The company made net revenues of $39.2 million in 2017, up from $12.9 million a year ago.
SDX Energy said a main component of the net income was a $29.6 million gain on acquisition of the Egyptian and Moroccan businesses of Circle Oil.
“The acquisition of Circle Oil’s assets, enabling us to substantially increase production, and cash flow, over the course of the year,” said Paul Welch, president and CEO of SDX Energy.
“We continued to see strong operational performance throughout the year across our portfolio.”
At the end of 2017, the company’s working interest share of audited 2P reserves (proved and probable reserves) was 13.5 millions of barrels of oil equivalent – representing a 45 per cent increase on the combined 2P reserves of the company and the Egyptian and Moroccan businesses of Circle Oil at the end of 2016, SDX Energy said.
In Egypt’s Meseda, it successfully drilled two exploration wells in 2017 followed by the successful Rabul-5 appraisal well earlier this month.
Welch said the remainder of 2018 will see a second appraisal well, Rabul-4, followed by two development wells on the Meseda area of the concession.
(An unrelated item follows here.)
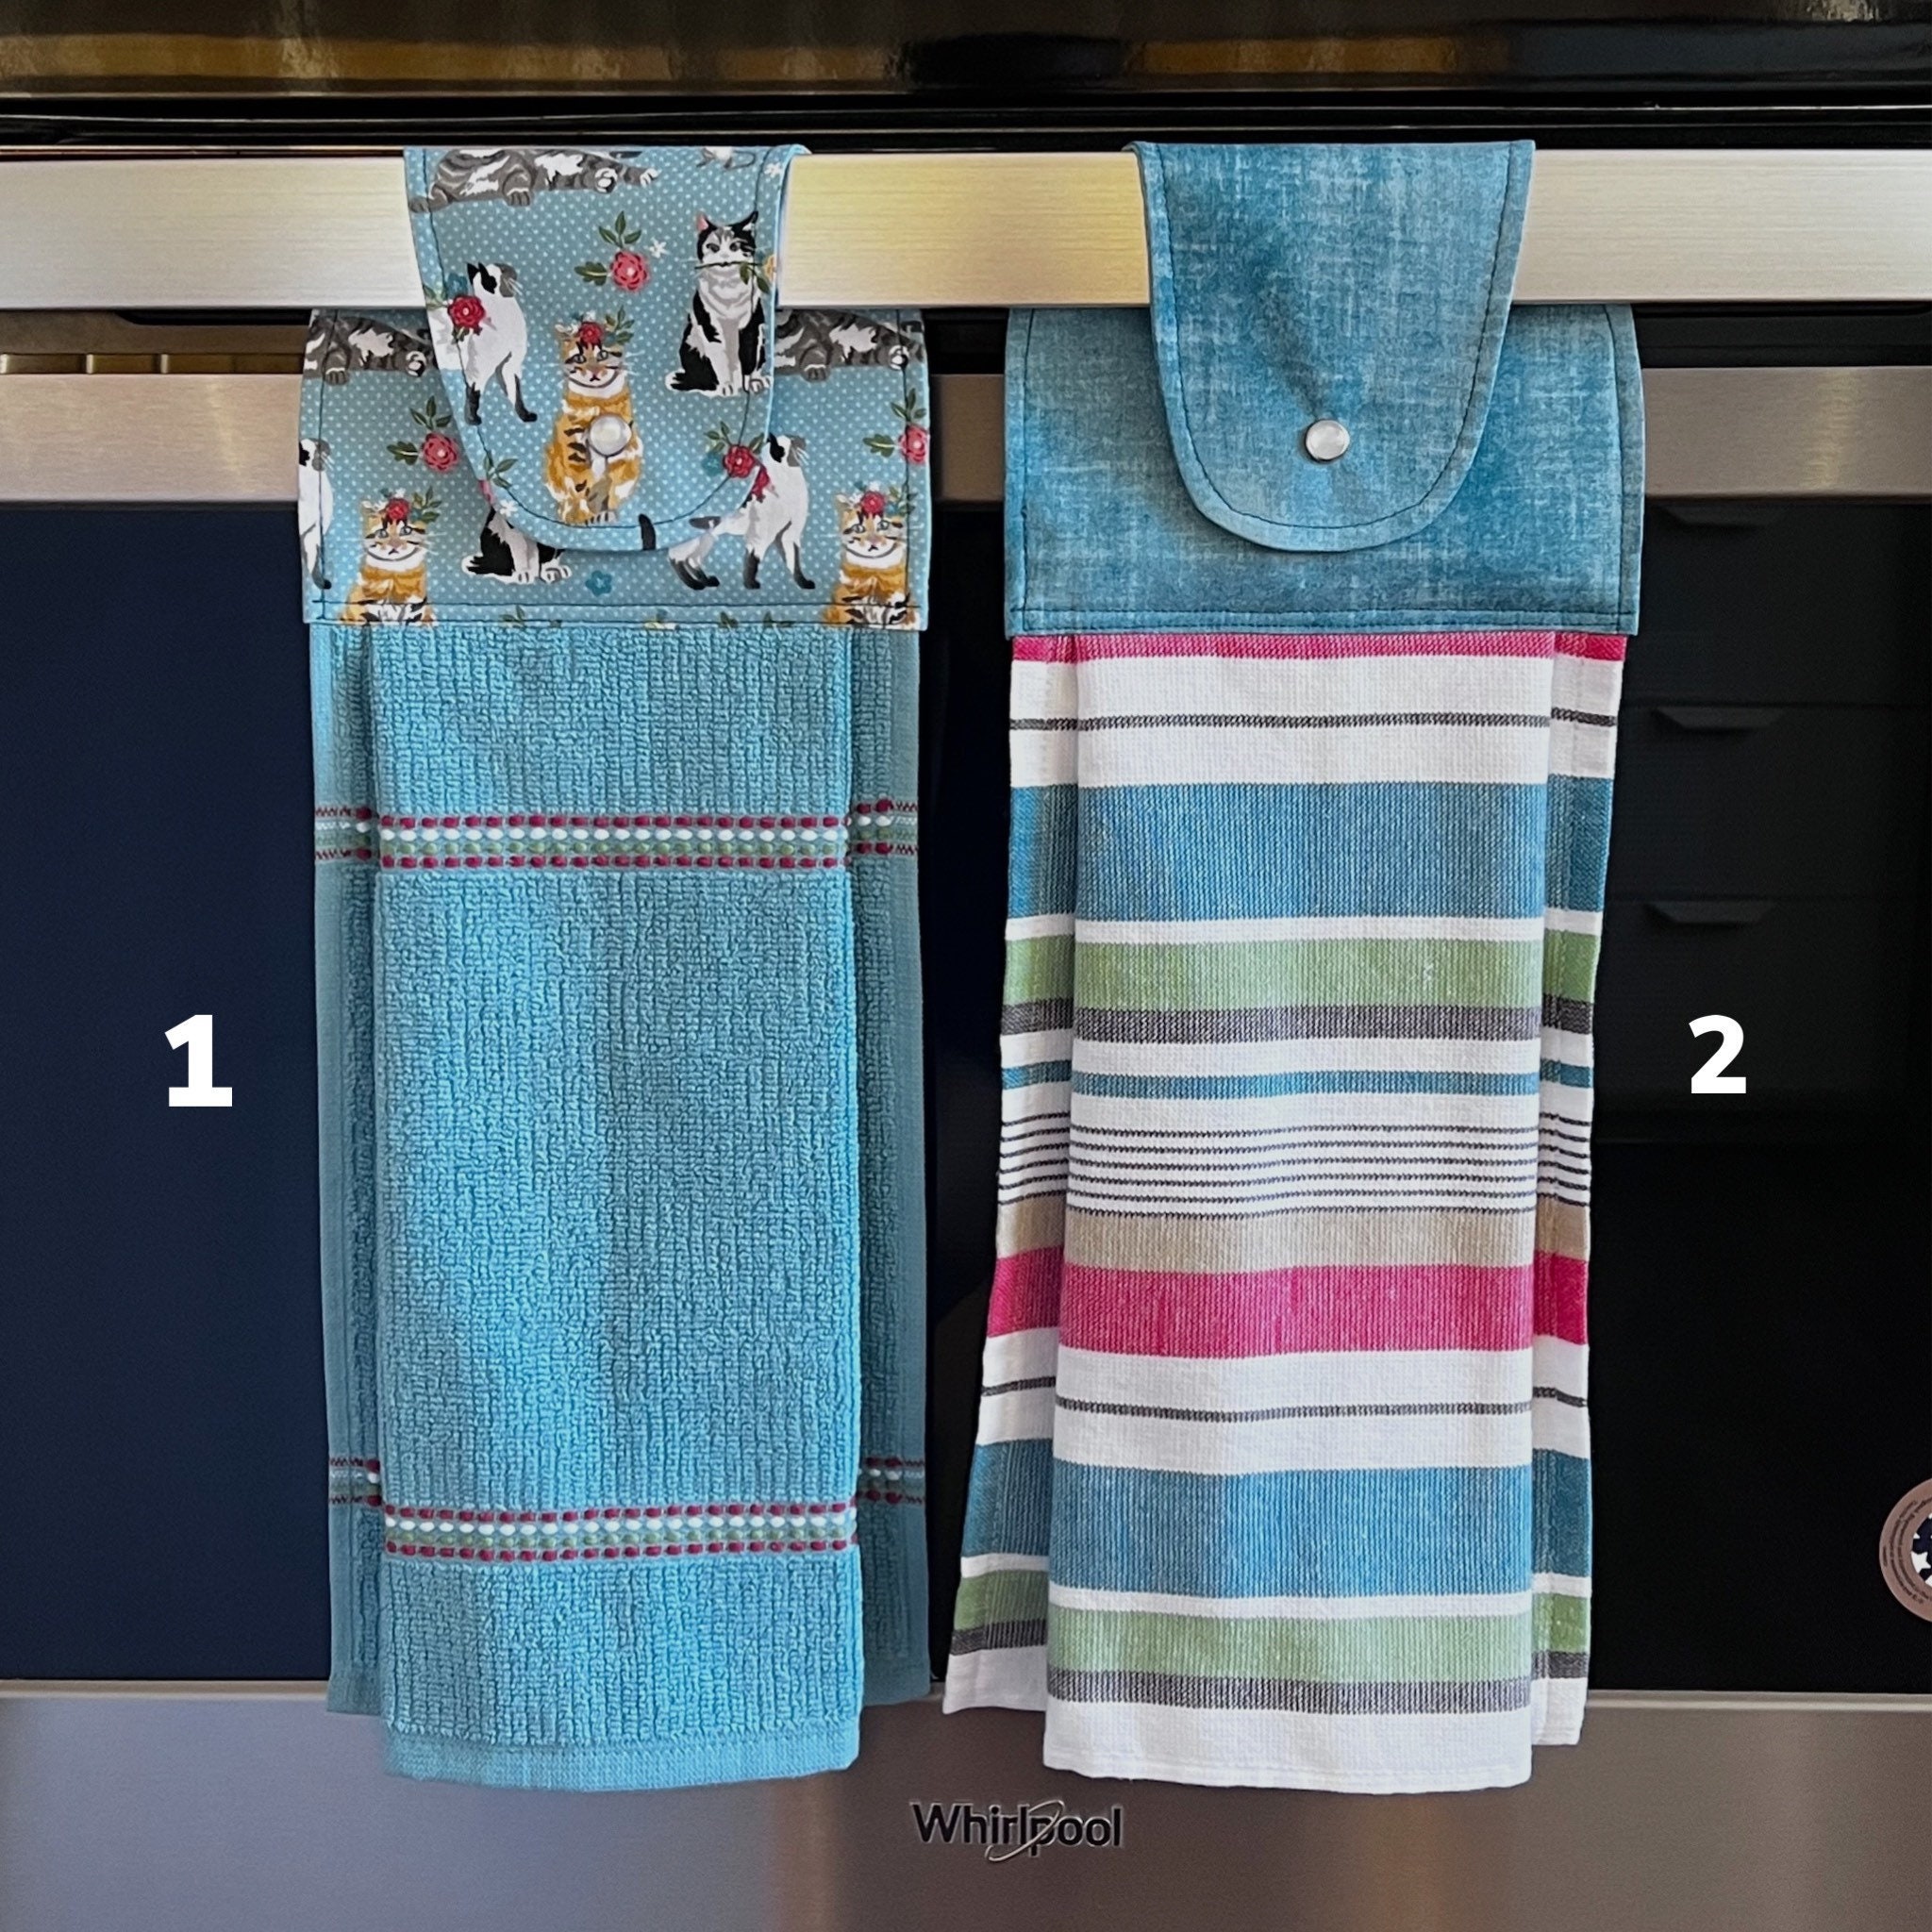 Hanging Towel, Cherry Kitchen Towel, Snap on Towel, Red Kitchen Towel, Snap  on Hand Towel, Oven Door Towel, Stay Put Towel

Meanwhile, its nine-well drilling programme in Morocco has seen five discoveries from seven wells drilled to date. The company will tie-in of the most recent discovery, SAH-2 and the push ahead with the drilling of two exploration wells: LNB-1, which commenced drilling operations on March 20, 2018 and LMS-1 which will be drilled early in the second quarter of 2018.
SDX is targeting 2018 gross production in Morocco of 8-10 million standard cubic feet per day of conventional natural gas by the end of 2018, depending on timing of tie-ins.
Additionally, SDX plans to shoot 240km2 of 3D seismic in its Rharb Centre concession at an
estimated cost of US$6.5 million
“As a company, we continue to focus on low cost, high margin production, thereby creating further value for our shareholders. Our strong funding position means we are well placed to capitalise on any suitable, value enhancing asset opportunities that may arise going forward,” Welch added.